I really appreciate your sharing of that experience, Ahab. Reading and rereading it has given me some comfort, since I seem doomed to just miss being present with each of my own lost loved ones at the moment of their death. I want (need) to experience what you did, so that I can believe that some part of them lives on. Tomorrow would have been my son's 39th birthday, had he not died in Children's Hospital in Pittsburgh 26 years ago last month. Last week I was in PA and visited his grave and my parents' too and stood and longed for something--anything--to believe about their survival beyond Death's door. So much unfinished business between us and so many regrets and questions in the case of my mother....

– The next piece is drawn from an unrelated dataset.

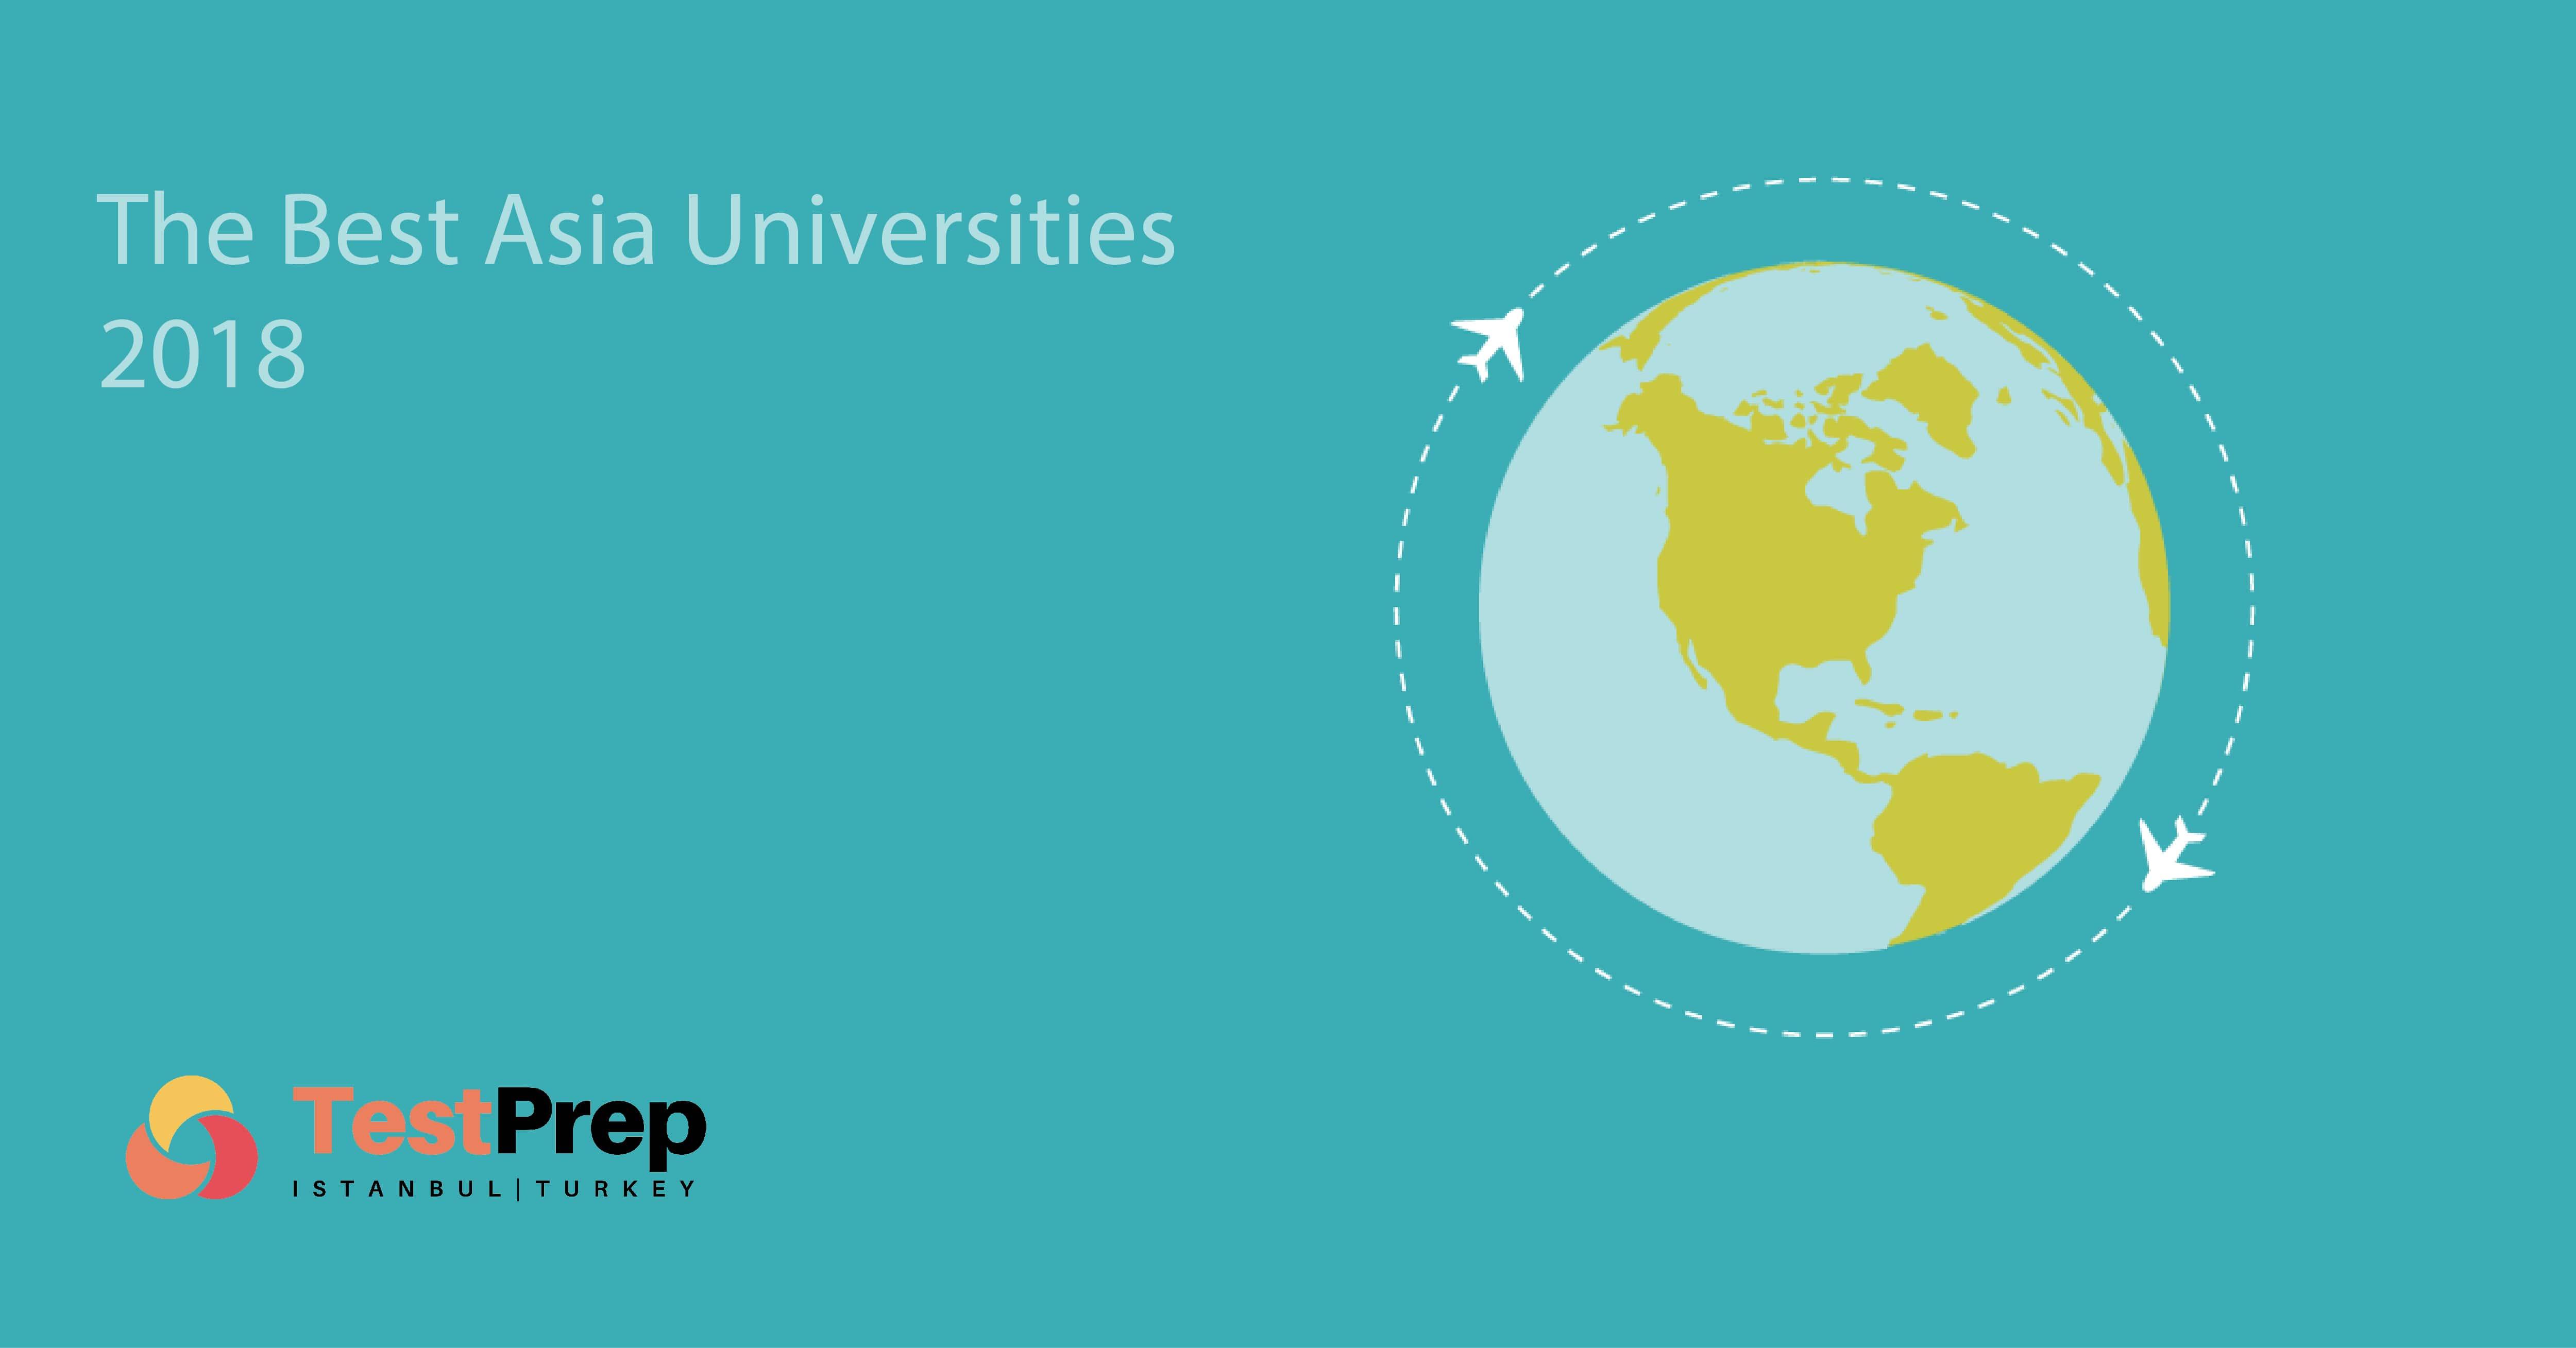 en iyi asya üniversiteleri 2018. asia university rankings 2018.

Thank the rest of you too for posting about your own experiences. They've intrigued me and made me think deeply about Life and Death and about my much-mourned-loss of most of my spiritual beliefs. Like Mulder, I WANT to believe, but keep running into so much evidence of human manipulation/evil/deception that it serially robs me of my ability to keep believing in the great cosmic unknowns like survival of the soul.

Your stories will stay with me and I'm very grateful to you for your willingness to share them. Ahab, Uncle $cam's description of waves of grief is what I've experienced too. Ride them if you can bear to, since, if you refuse, they simply wait for you and recur unexpectedly (and devastatingly) in your future, ambushing you when you least expect it. I wish you comfort and eventual healing.